Cancer and Insulin

There are many books and news about diabetes, yet the number of people who struggle with diabetes has never dropped. Also, tremendous money has been invested into cancer research for many decades, but cancer still takes 2nd place as a leading cause of death in the United States. Many believe that those two diseases are not related, but actually there is a strong link, specifically insulin and cancer.  A 2012 study shows that Individuals in the highest percentile of serum insulin had a 62% higher risk of cancer mortality and 161% higher risk of gastrointestinal cancer mortality. But why insulin?   

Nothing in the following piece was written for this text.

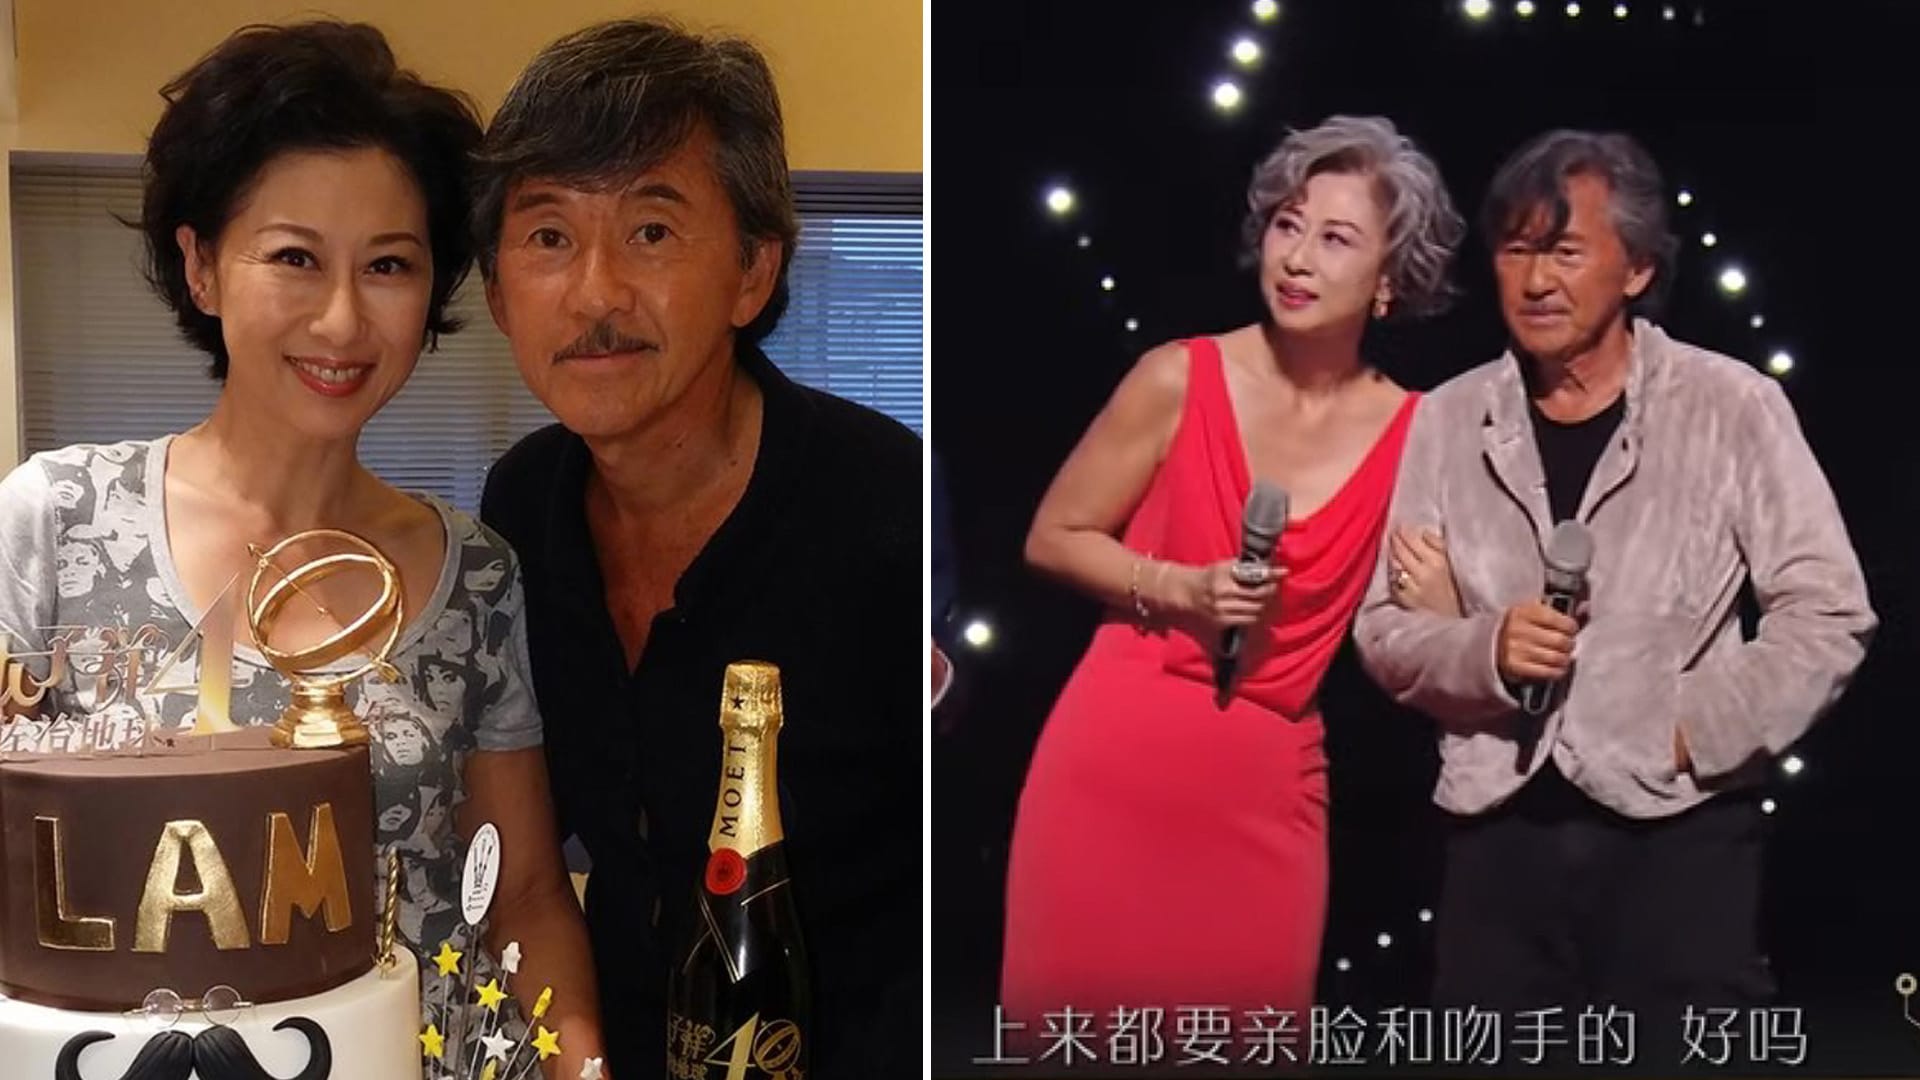 George Lam And Sally Yeh, Who Are One Of Showbiz’s Most Loving Couples, Have Been Sleeping In Separate Rooms For Many Years

This link has been known for quite some time, and the paradigm of cancer as a metabolic disease has begun to be more seriously considered in recent years.  Now the researchers know that it is quite simple to grow breast cancer cells in a lab. The recipe has been used successfully for decades. Take breast cancer cells, add glucose, growth factor (EGF) and insulin. Lots and lots of insulin. The cells will grow like weeds after a spring shower.   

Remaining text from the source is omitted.